Drift Protocol Shaken by Historic DeFi Attack
On Tuesday, April 1, 2026, the Solana-based Drift Protocol announced that its platform was under active attack. When the dust settled, three of the company's main vaults were almost completely emptied. According to Elliptic, the stolen funds totaled $286 million, making the incident the largest decentralized finance (DeFi) attack recorded so far in 2026, according to Bitcoinist.
Drift openly confirmed the attack and immediately shut down deposits and withdrawals. The protocol is now coordinating with a number of security firms, cross-chain bridges, and exchanges to limit the extent of the damage.
How the Vaults Were Emptied
The attack was anything but impulsive. According to Elliptic, the attacker's wallet was created a full eight days before the actual heist, receiving a small test transaction from a Drift vault in the interim — a classic hallmark of a carefully planned operation.

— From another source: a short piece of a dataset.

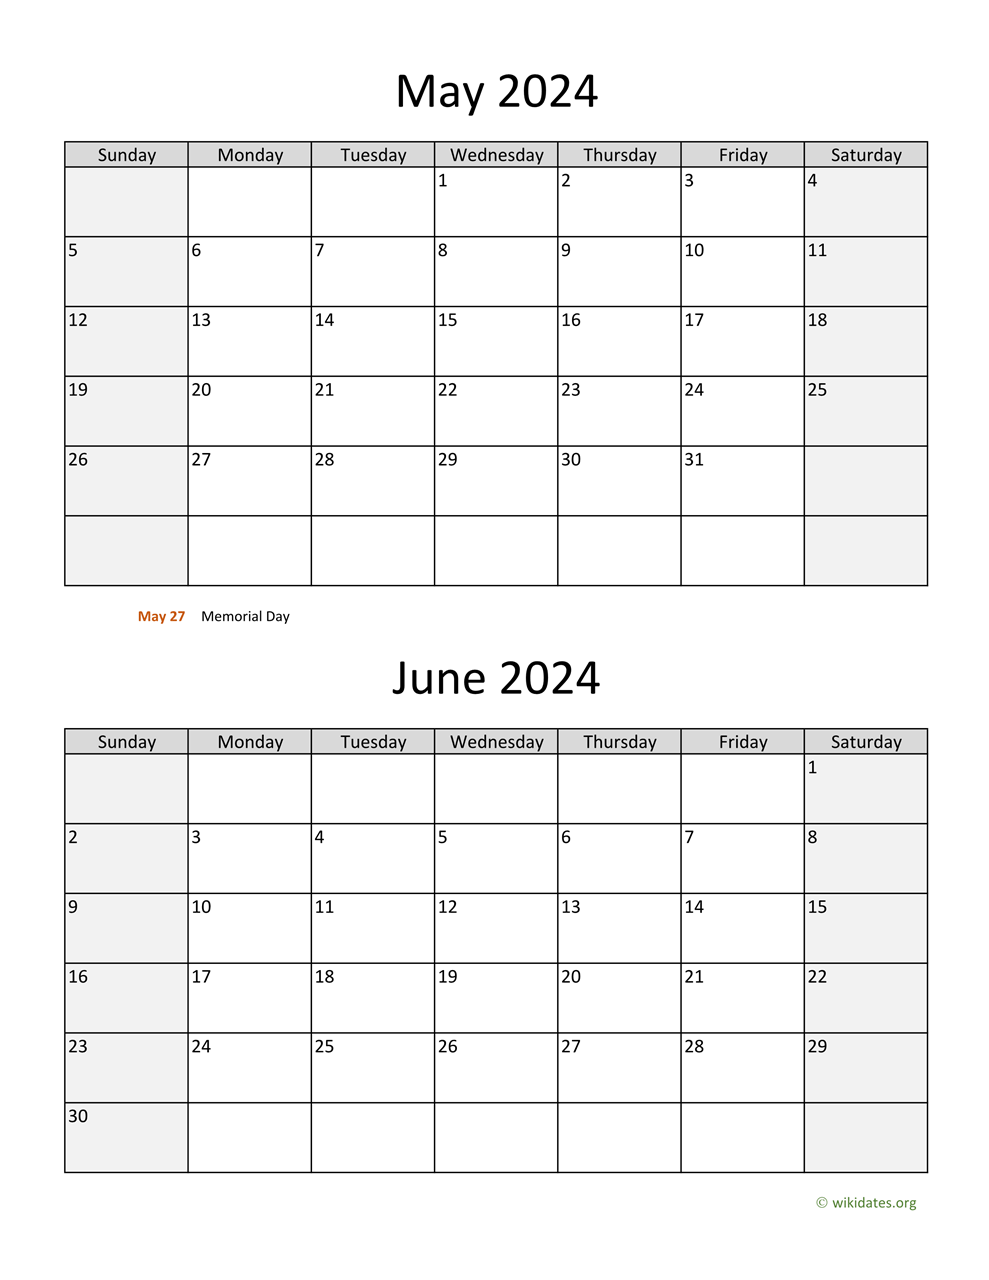 May and June 2024 Calendar | WikiDates.org

The three vaults most severely affected were JLP Delta Neutral, SOL Super Staking, and BTC Super Staking. The largest single transfer alone — approximately 41.7 million JLP tokens — had a value of about $155 million at the time of the transaction. In addition, USDC, SOL, cbBTC, wBTC, and various liquid staking tokens were stolen.
A central part of the attack involved taking control of Drift's security council's administrative rights. This reportedly occurred through advanced social engineering combined with pre-signed transactions. The attackers also fabricated a fictitious token called CarbonVote Token (CVT) and manipulated oracle data to artificially inflate CVT's collateral value — a technique that enabled further withdrawals.
Funds Quickly Laundered via Ethereum
After the vaults were emptied, the attacker swapped the stolen tokens for USDC via a Solana-based DEX aggregator. The funds were then bridged to the Ethereum network and further exchanged for ETH — a pattern analysts recognize from previous state-sponsored operations.
Elliptic and TRM Labs Point to Pyongyang
Elliptic concludes that "the on-chain behavior, money laundering techniques, and network indicators associated with the attack are consistent with methods seen in previous DPRK-attributed operations," according to Bitcoinist. TRM Labs highlights specific similarities with the Bybit exploit in 2025: the use of Tornado Cash, precise timing coinciding with North Korean office hours, aggressive cross-chain bridging, and identical money laundering patterns.
Drift Protocol itself described the incident as "an attack six months in the planning" and attributes it with a medium degree of certainty to the North Korean hacking group UNC4736 — also known by the aliases AppleJeus, Citrine Sleet, Golden Chollima, and Gleaming Pisces.
It is important to emphasize that attribution of state-sponsored cyberattacks is never one hundred percent certain, and no public indictment or official governmental confirmation is known at the time of publication. Nevertheless, the convergence between two independent analysts is striking.
"On-chain behavior and money laundering techniques are consistent with methods observed in previous DPRK-attributed operations" — Elliptic
A Pattern That Continues to Escalate
If the attribution holds, this would be the 18th DPRK-linked crypto attack Elliptic has tracked this year alone. The total amount North Korean actors are believed to have stolen in 2026 thus surpasses $300 million — and over $6.5 billion over recent years. U.S. authorities have previously linked these types of heists directly to the financing of North Korea's weapons programs.
For users of DeFi protocols, the case underscores an uncomfortable reality: funds placed in decentralized vaults can, regardless of the user's intention, end up as financing for state intelligence and military development in one of the world's most closed regimes.